A good number of people, including a large number from the province of Bengal, strongly feel that the people of the state are very warm, very hospitable and compellingly intelligent (they have had Nobel Laureates and an Oscar awardee), but slothful in nature.
North Indians often attribute the sloth to the state’s food habit. “In Bengal, they have rice for breakfast and go off to sleep,” a friend says half in jest. He goes on, “Hold on, not at home. They do it in suburban trains, crowded buses, minibuses and tramcars. They find it impossible to overcome the soporific effect of rice,” which sometimes they have twice a day.
Everybody in Bengal tells us that a Bengali believes that there are only two reasons to be alive
My friend is not entirely off the mark because years ago our professor was lecturing on John Donne’s poems.

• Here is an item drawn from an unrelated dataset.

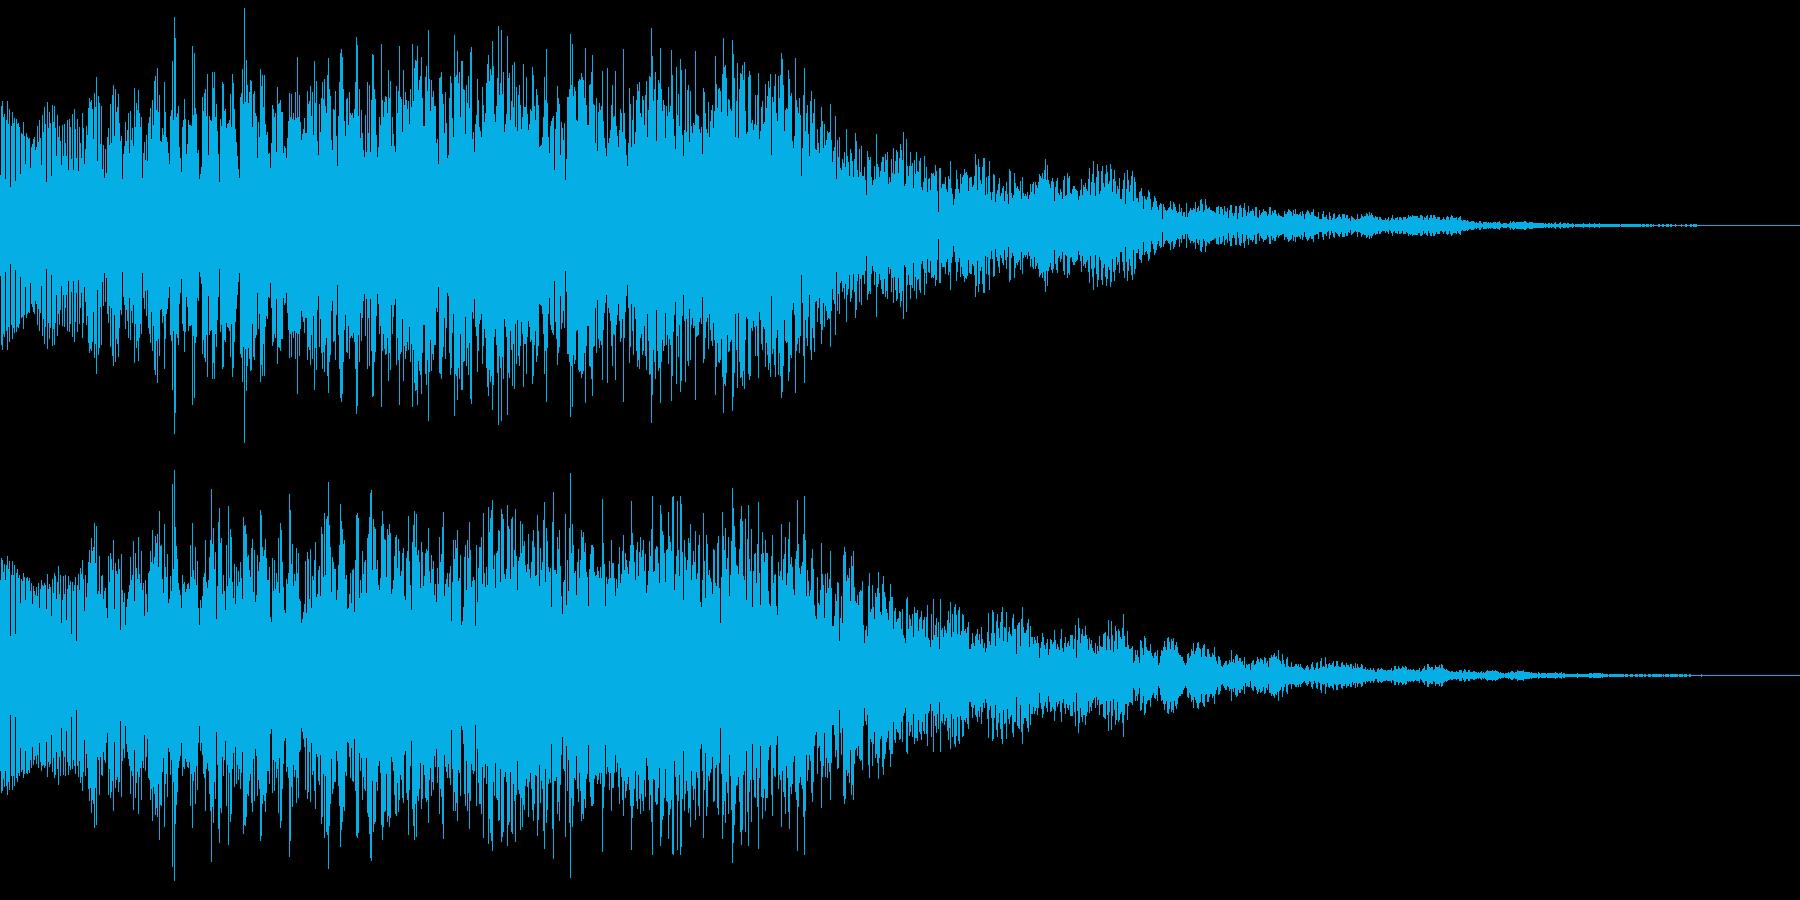 キラキラキラン 変身 魔法 パワーアップの再生済みの波形

Our classmate, a self-styled romantic revolutionary, and now a professor, began to snore. No, it wasn’t a comment on the teacher’s skill. It’s another issue that the professor did make things difficult for us with his peculiar accent.
Our classmate told us later that he had ignored the lecture because he had decided not to answer the questions on Donne for the examination.
But he did subsequently disclose the real reason behind his snoring. It was the huge plate of rice and fish curry he had had for breakfast. The combination is perhaps the most effective form of cure for insomnia in the world of alternative treatment.
“That, however, doesn’t mean a Bengali is lazy,” a Bengali friend hit back. And I agree with him. In my humble opinion, he is easy-paced because by nature he is opposed to what he feels is self-destructive materialism. He ignores or does not fancy middle-class credos like work is worship and there is no substitute for hard work.
He argues that something that involves manipulation, something that involves politicking and something that involves a high dose or often an overdose of sycophancy, should never be equated with worship or hard labour.
Even though most in Bengal, unlike other places, do not really have the luxuries of life, they have the emotional courage to live without them. They argue that there are families in a good number of “spurious” cities, where 60 per cent of the family-income goes towards the payment of instalments for “keep up with the Joneses” items.
Everybody in Bengal tells us that a Bengali believes that there are only two reasons to be alive. The first is reason and the second is freedom. And a Bengali has both. He has the reason to appreciate the futility of joining the rat race and he has freed himself from the pressure of materialistic wants.
Well, slothful or laborious, one has to treat them with respect because the strongest of the species comes from the state — the Royal Bengal tiger. A roar is enough when thousands act funny.